The Lure of the Modern: Writing Modernism in Semicolonial China, 1917-1937

By Shu-Mei Shih | Go to book overview

CHAPTER 4
The Libidinal and the National
The Morality of Decadence in
Yu Dafu, Teng Gu, and Others

Now I can understand the meaning of the word death. Death is pleasurable, death is grand. Justice for the oppressed lies in the word death. When I die, I return this entirely unfree soul to its original state of freedom.

GU ZONGQI (1923)

Life is but the crystalization of sadness and bitterness. I do not believe that happiness exists.

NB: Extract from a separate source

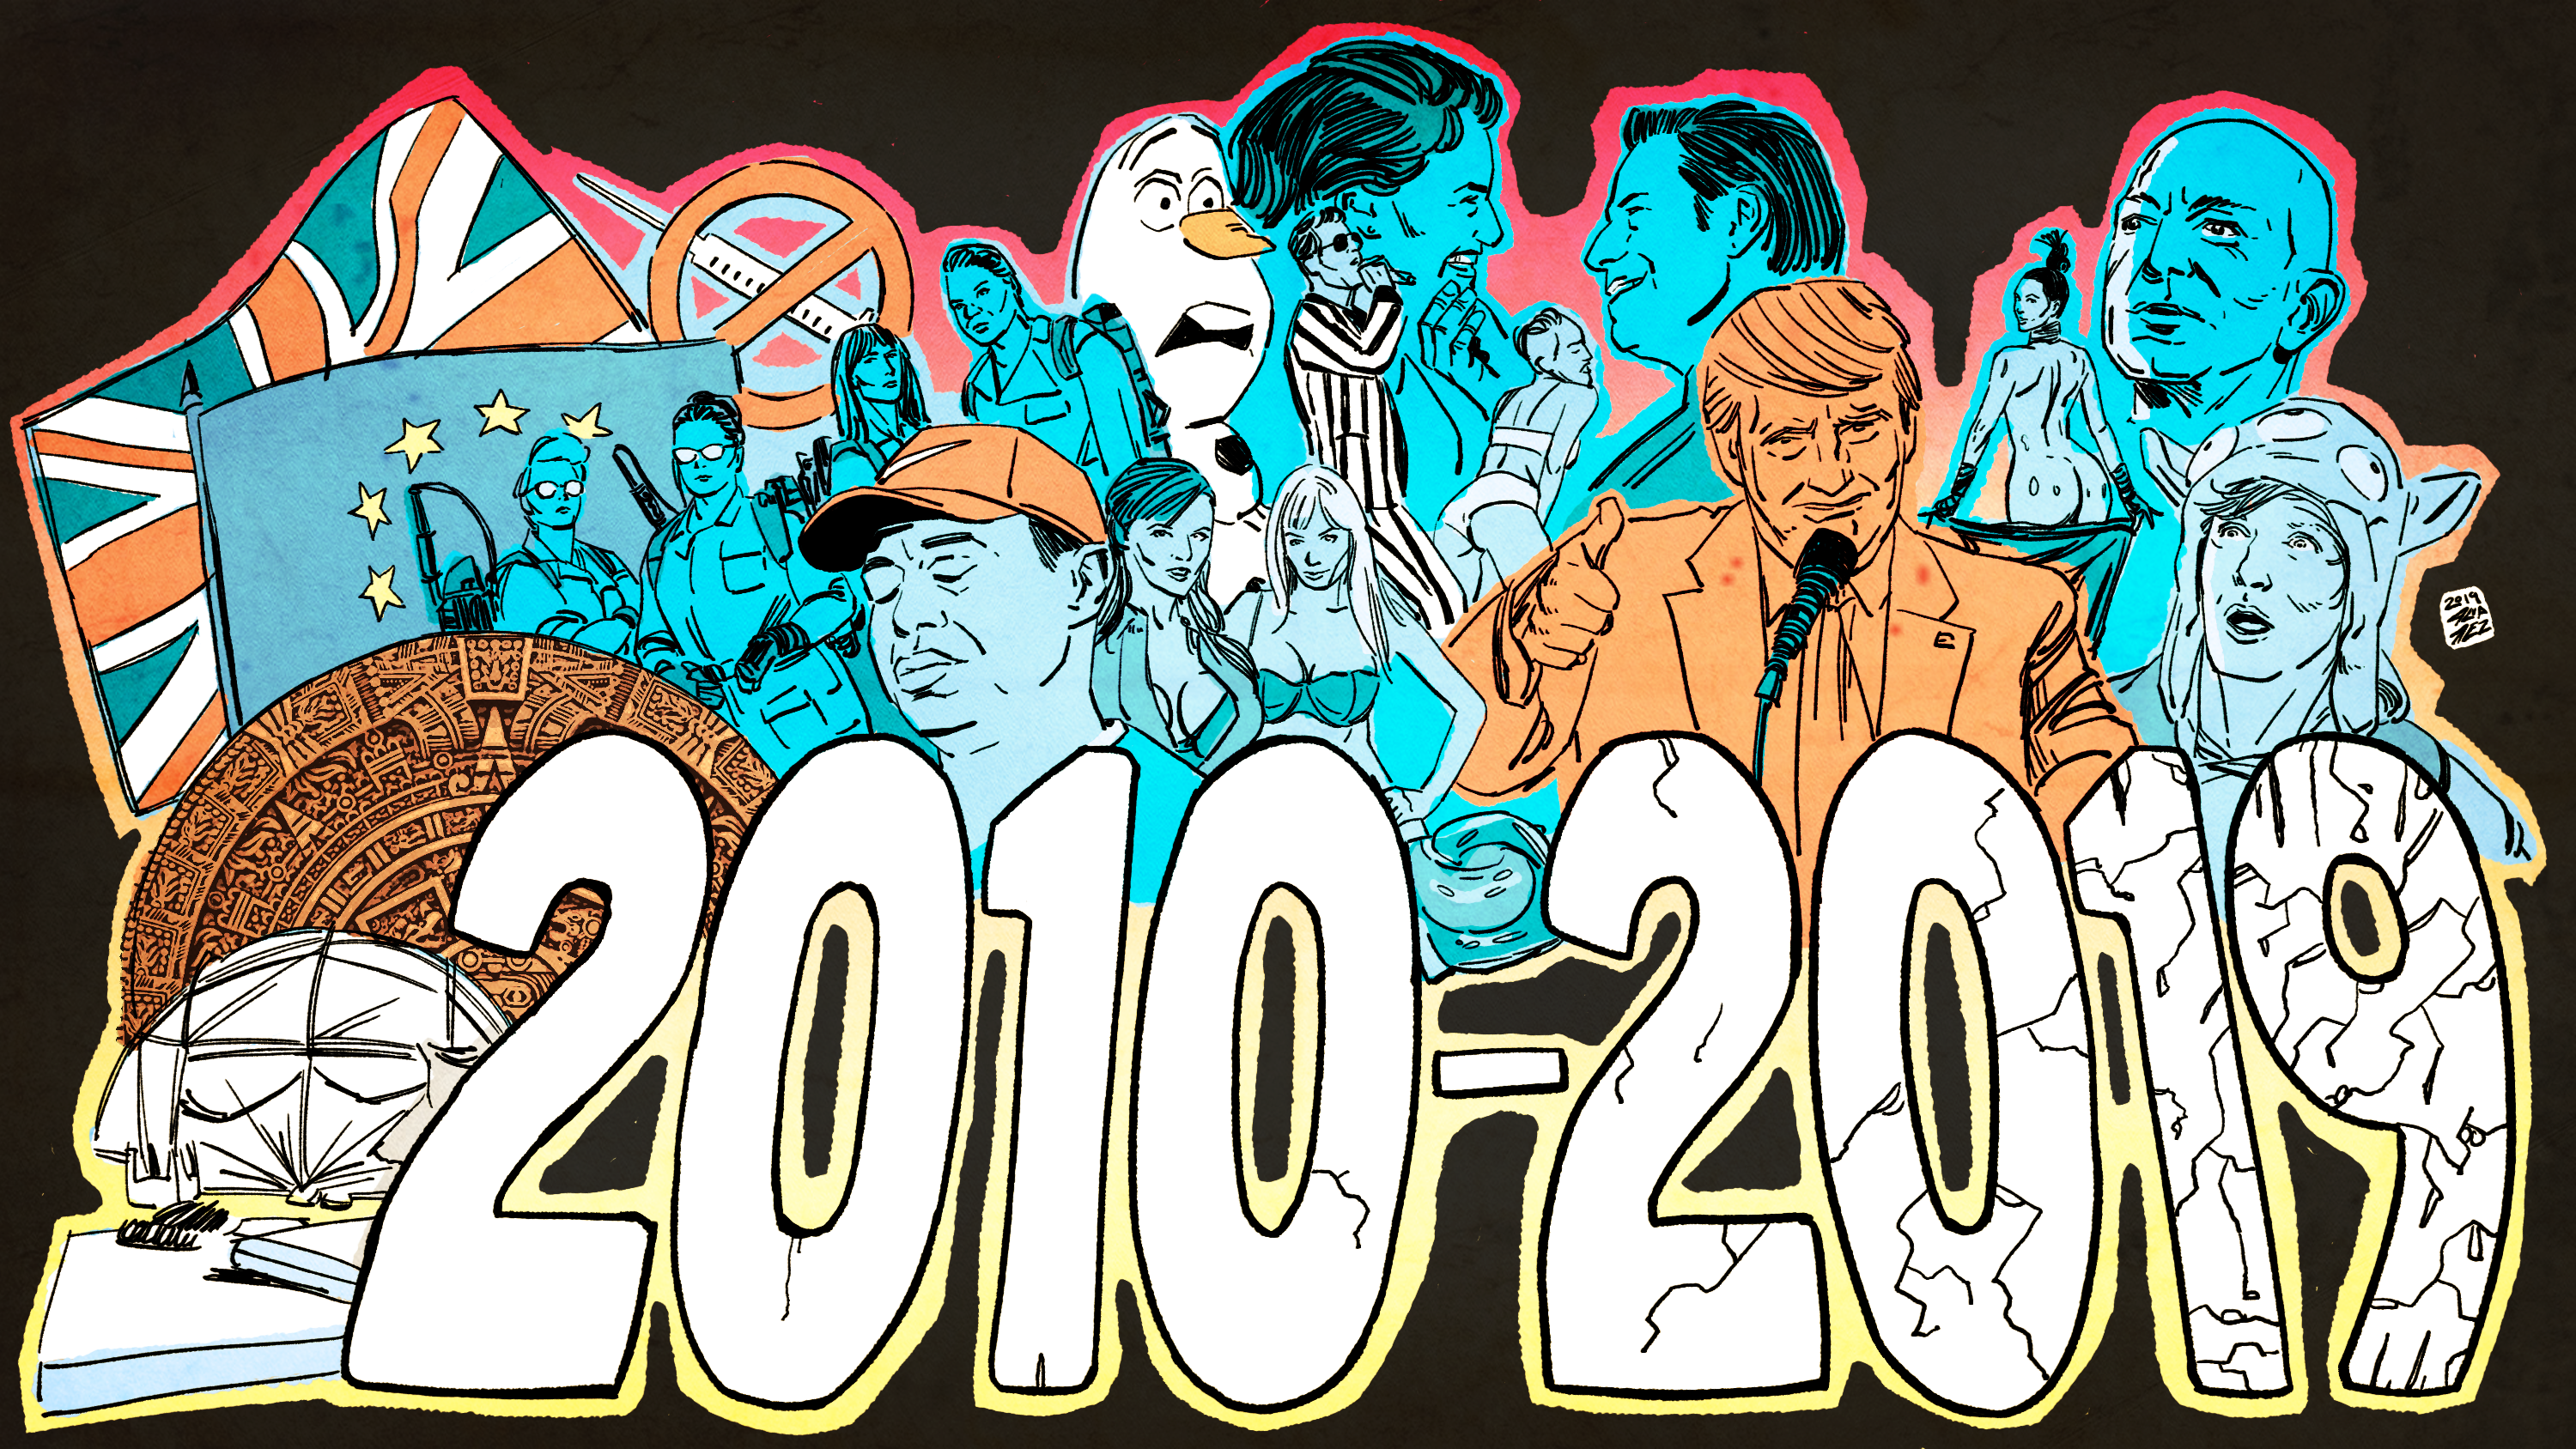 2010-2019

People accuse me of being a decadent, a hedonist, but they do not know the reasons behind my pursuit of wine and sex. Ah, waking up from deep drinking on a clear night, looking at the money-bought body sleeping near my chest, my melancholy and my laments are many times deeper and more painful than those of the selfappointed moralists.

YU DAFU (1923)

I wanted to make another confession before dying of starvation and repeating Goethe's dying words: “Mehr Licht! … Mehr Licht!”

YU DAFU (1931)

In 1923, Yu Dafu (1896–1945) wrote approvingly of the phenomenon of premature death among British decadent writers as a symbol of their thorough rebellion against a civilization built upon notions of conventional morality. He noted that the decadent illustrator Aubrey Beardsley (1872–1898) was consumed by tuberculosis at age twenty-six; Ernest Dowson (1867–1900) died of alcohol abuse at thirty-three; and John Davidson (1857–1909) committed suicide.1 Little did he realize at the time that several Chinese writers who embraced the decadent style in writing, sometimes

____________________
1
“Writers Gathered around The Yellow Book” (Jizhong yu Huangmianzhi de renwu), in Collected Writings of Yu Dafu (Yu Dafu wenji) (Hong Kong: Sanlian shudian, 1983), 5:169–188.